No one in Bude has ever been to Bhutan. Now why is that… Let’s find out. Bhutan is a small country, next to Tibet and Nepal. Mid autumn seems like a good time to go. I’ve asked my good friend Kate to join me. She agrees, as long as we will come back. No problem, a fortnight should be long enough.

So where shall we stay, what shall we do. Booking agents in Bhutan all promise heaven on earth. We are feeling already a bit overwhelmed. Luckily my well-experienced travel-friends Don and Katie-Ellen from the West Midlands recommend Travel-counsellor Sharon Matthews. Word-of-mouth always works best.

Sharon has booked our hotels, she has found an English speaking guide and a proper jeep. She advises us to get some safety precautions: injections against diphteria, hepatitis A, malaria, rabies, tetanus, typhoid and yellow fever. Oh, really? Well..
So I went to nurse Hilary at the Neetside Surgery yesterday. Are you right or left-handed?, Hilary wants to know. Left-handed. Good, then I will give you the nasty Hepatitis B in your right arm. You will get a bit of fever and you may feel a bit grotty. And the other one is against tetanus and typhoid… Oh, and let’s see if you need something against cholera, Japanese Encephalitis and rabies. Hmm, you know, altitude sickness may be a problem. What? Rabies, yes. Rabies is usually transmitted through the saliva of an infected animal, mostly a dog, sometimes a bat. Don’t let them bite you, or scratch you, or lick you on the eye, nose or mouth. Symptoms can take some time to develop, but when they do, the condition is almost always fatal.

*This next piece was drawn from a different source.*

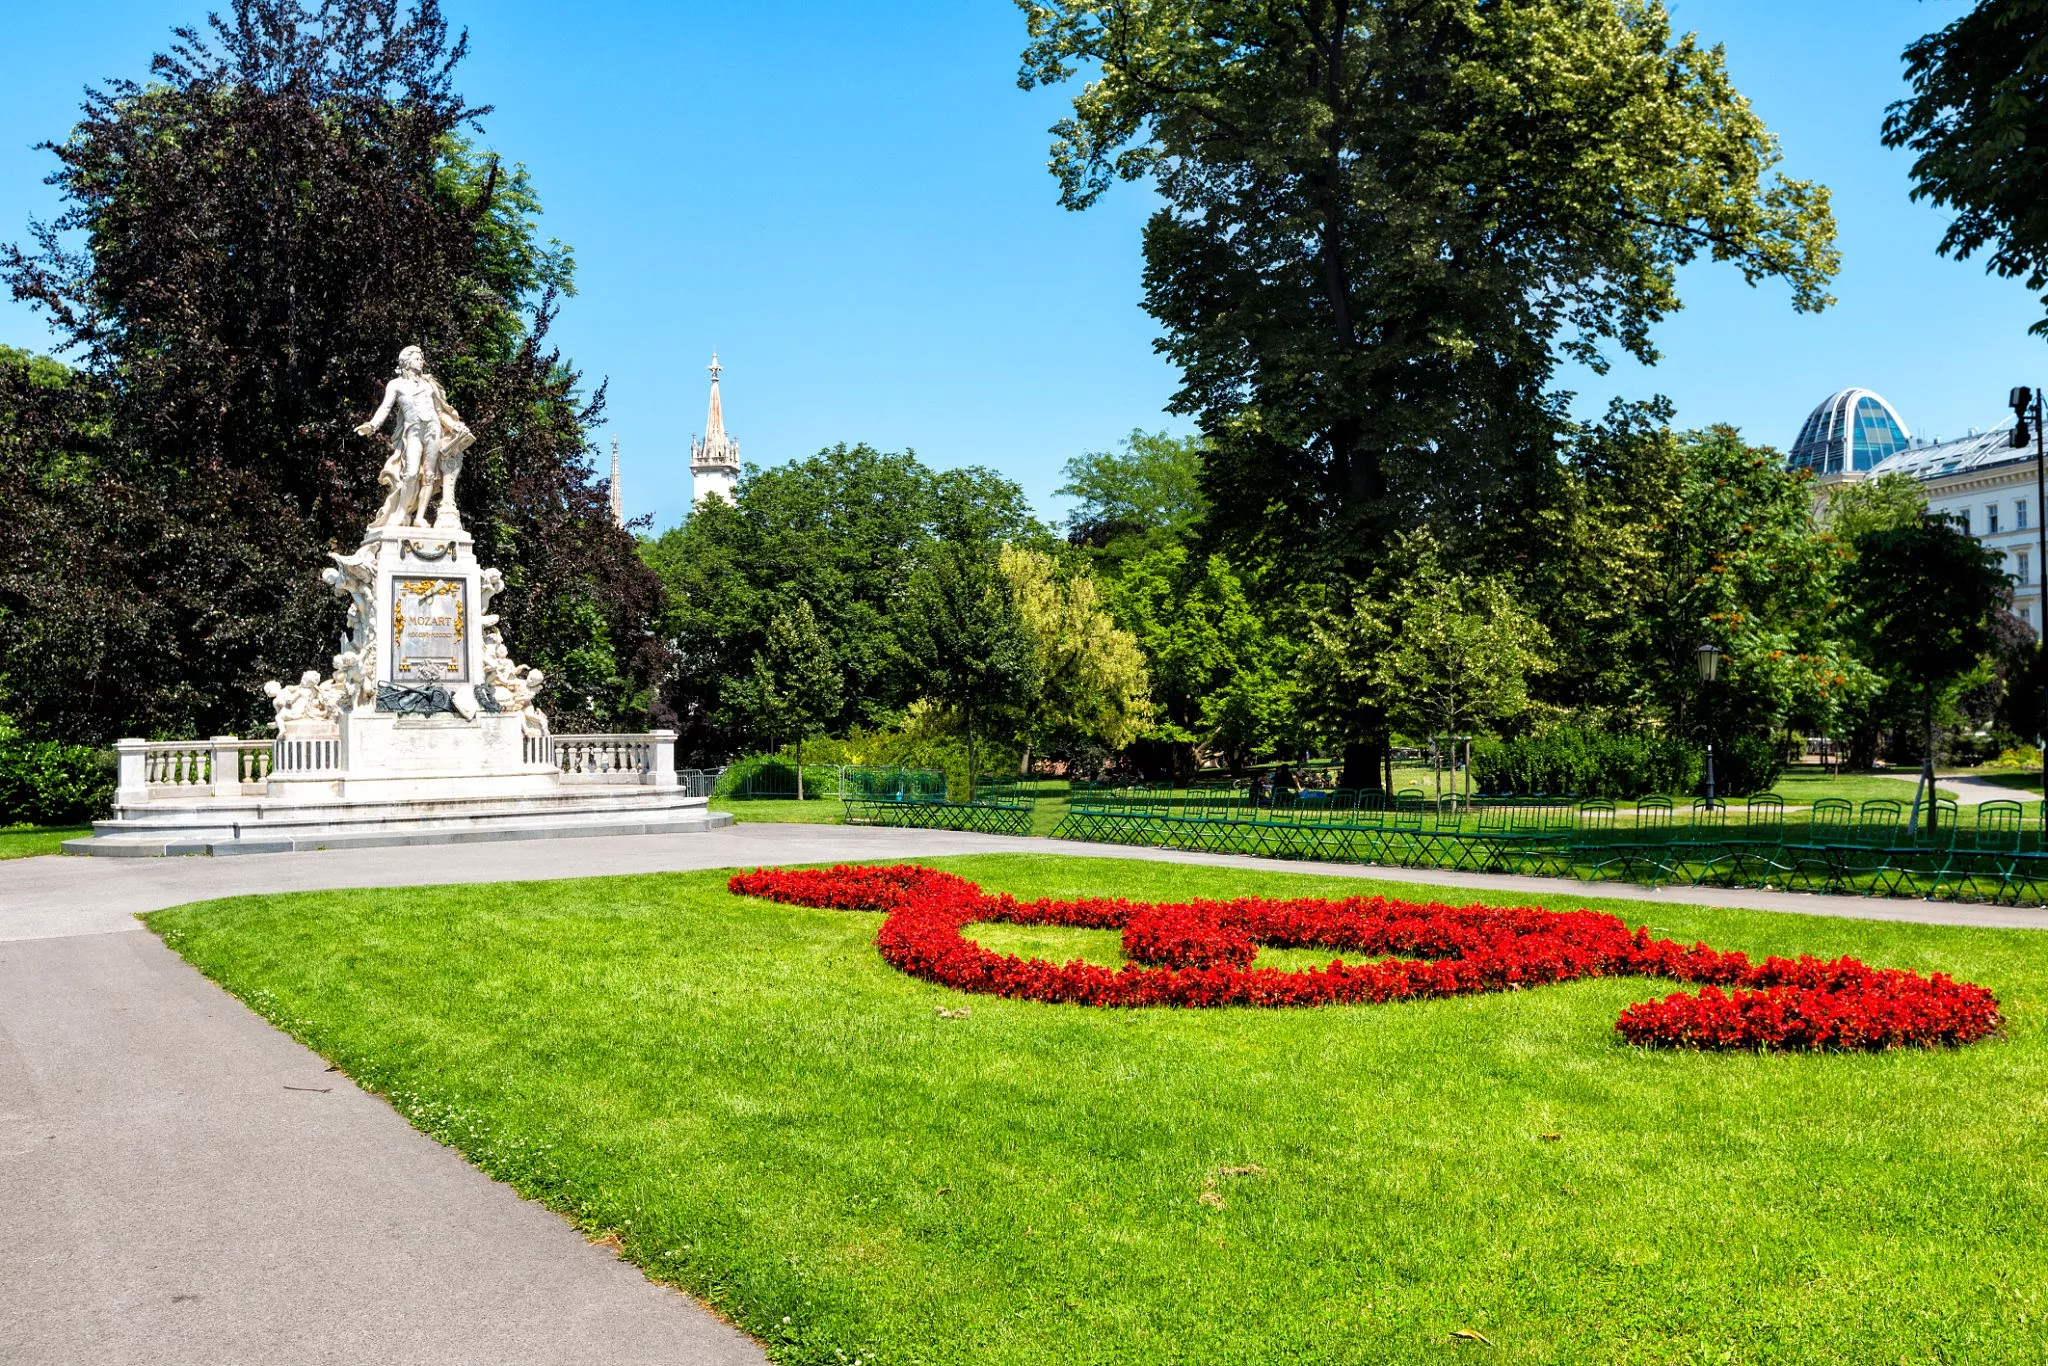 Burggarten in Austria, Europe | Parks - Rated 4
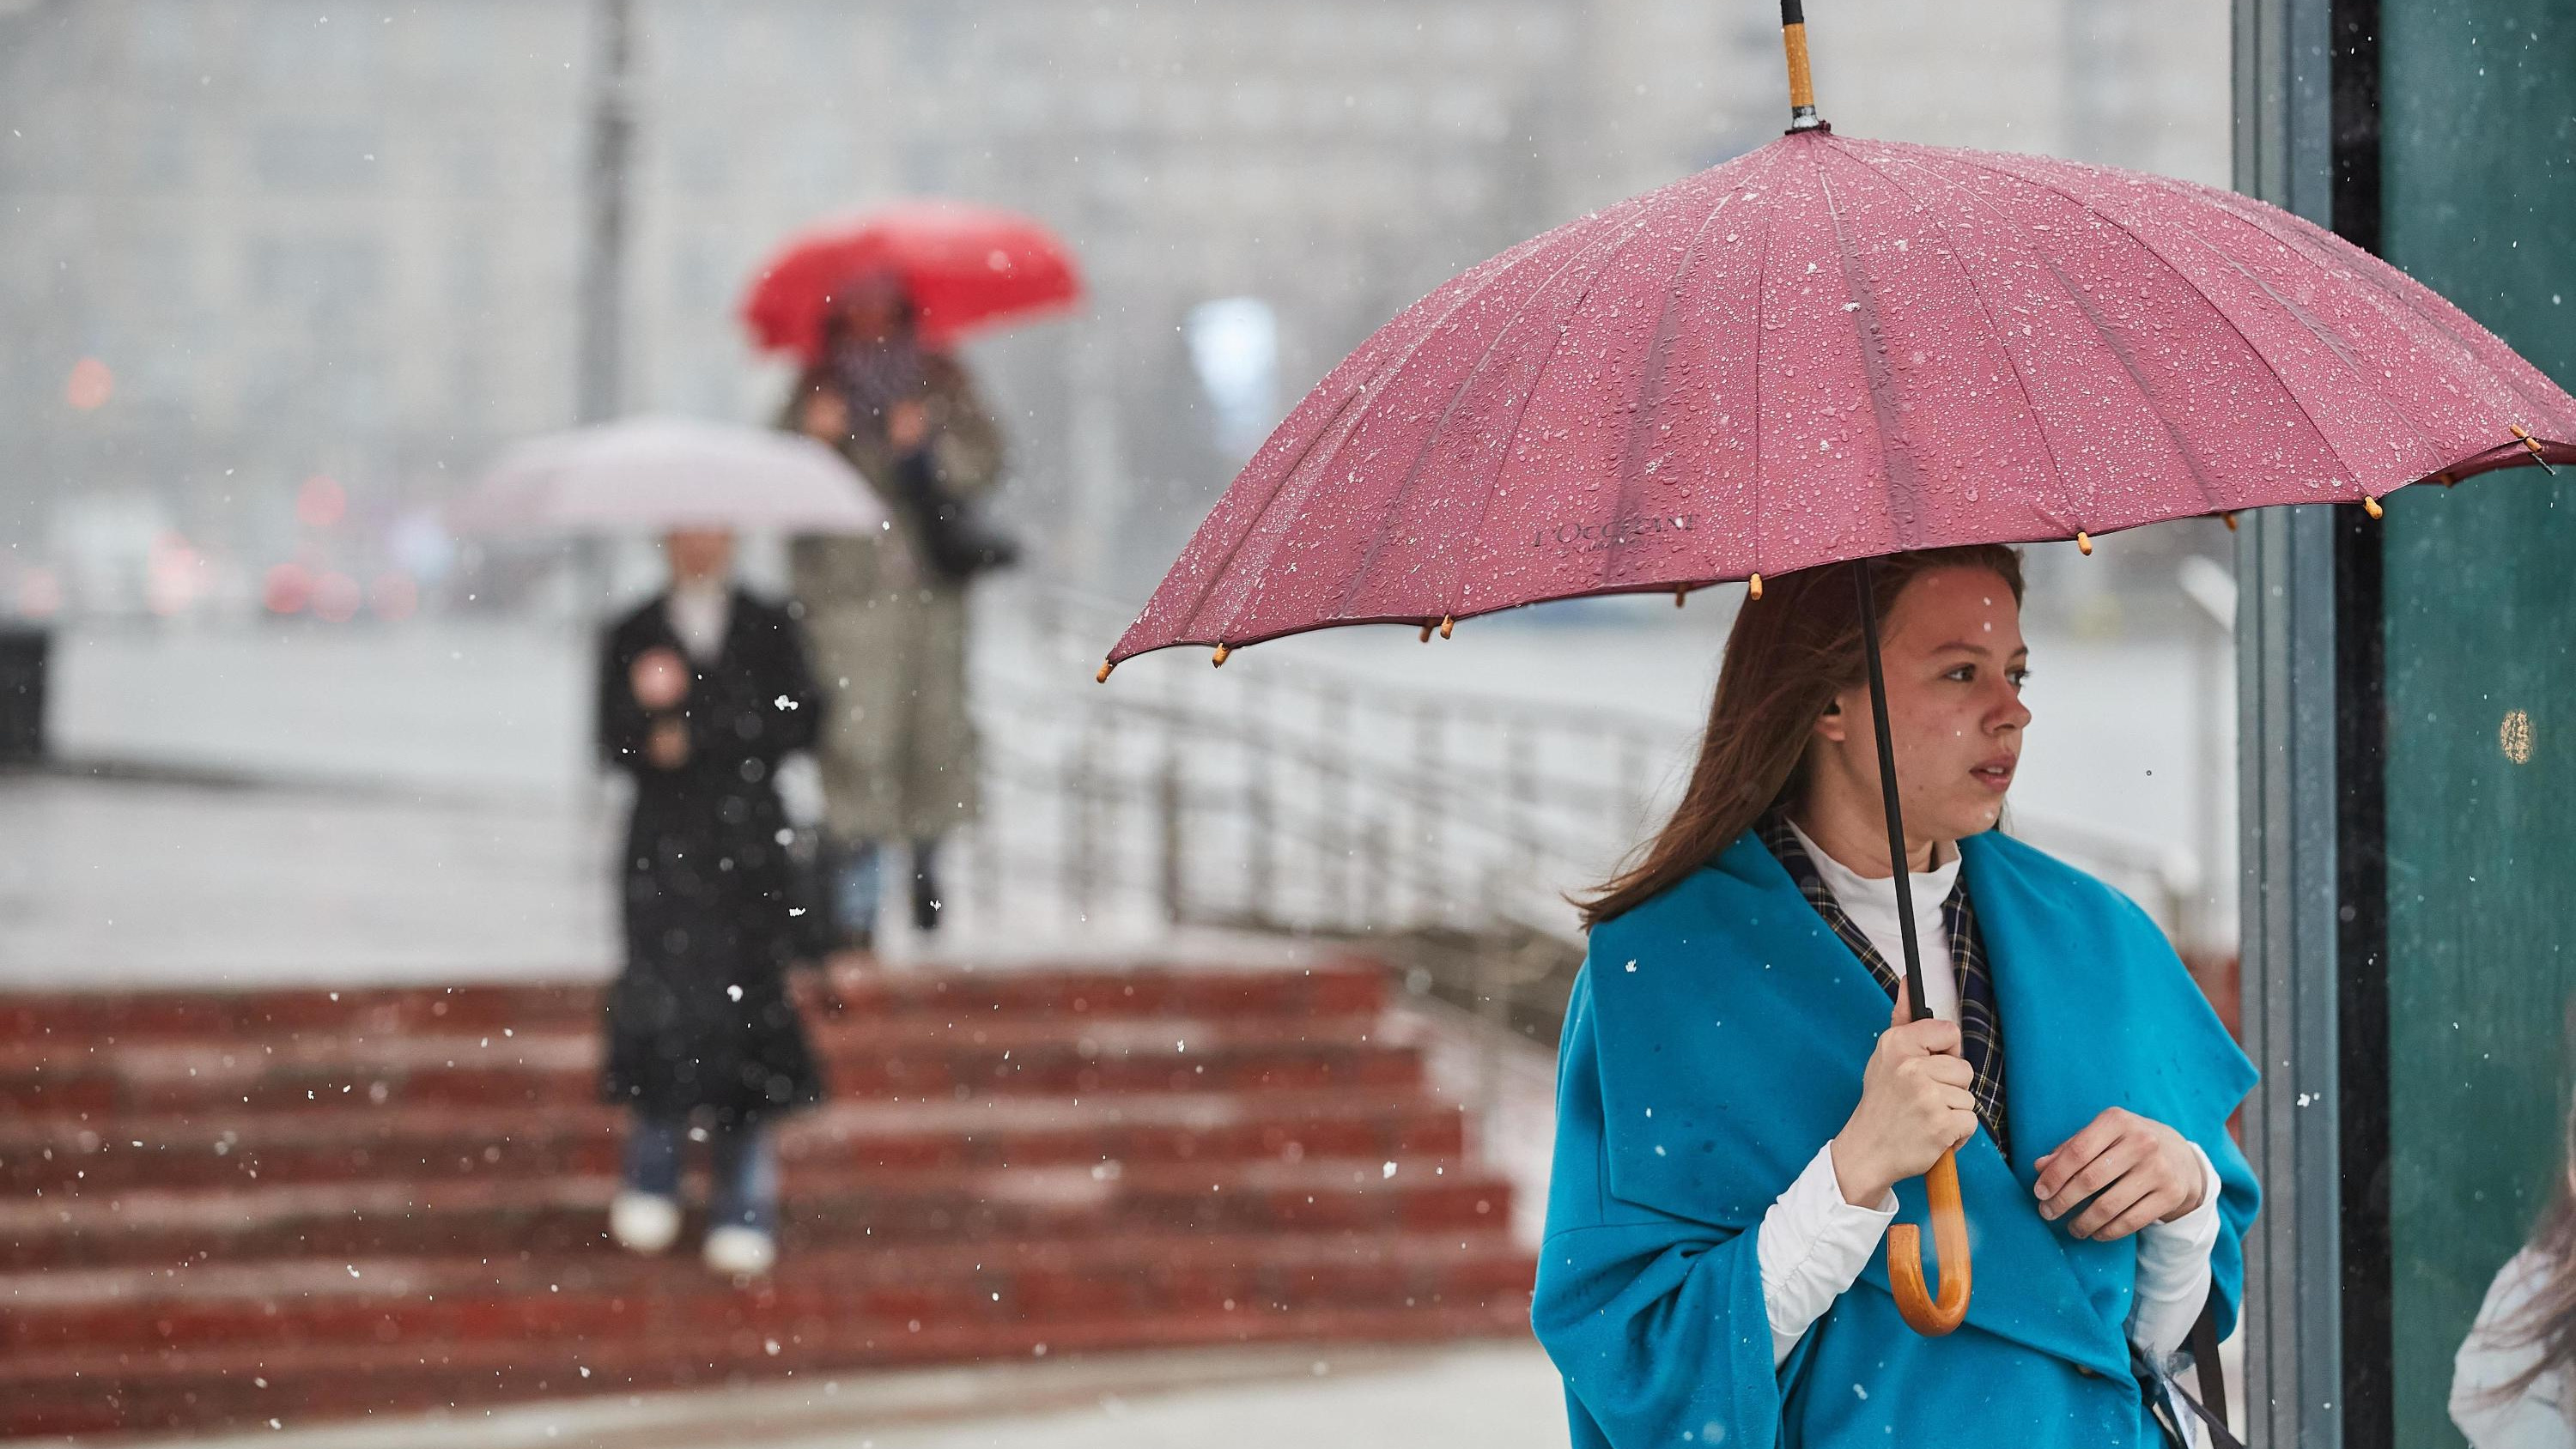 Пасмурно и сыро: какая будет погода на следующей неделе в Новосибирске — прогноз с одним теплым днем

Mind you, water used for drinking and brushing teeth should have first been boiled or sterilised. Milk should be boiled. You’ll need socks in the airplane. When one leg gets very swollen, find yourself a hospital. And take gloves with you. Earplugs, because at night wild dogs are howling like mad. Don’t forget a mosquito spray. And painkillers. Water purification tablets. Anti-malaria pills. Go to the pharmacy and get yourself a set of clean needles, in case you have to go to hospital and you need a drip. Of course you know that new sexual partnerships and unprotected sex abroad is not uncommon?
Yeah, sure.

Kate said, “Cora, why don’t we go to Torquay instead?” I’m gonna lie down now.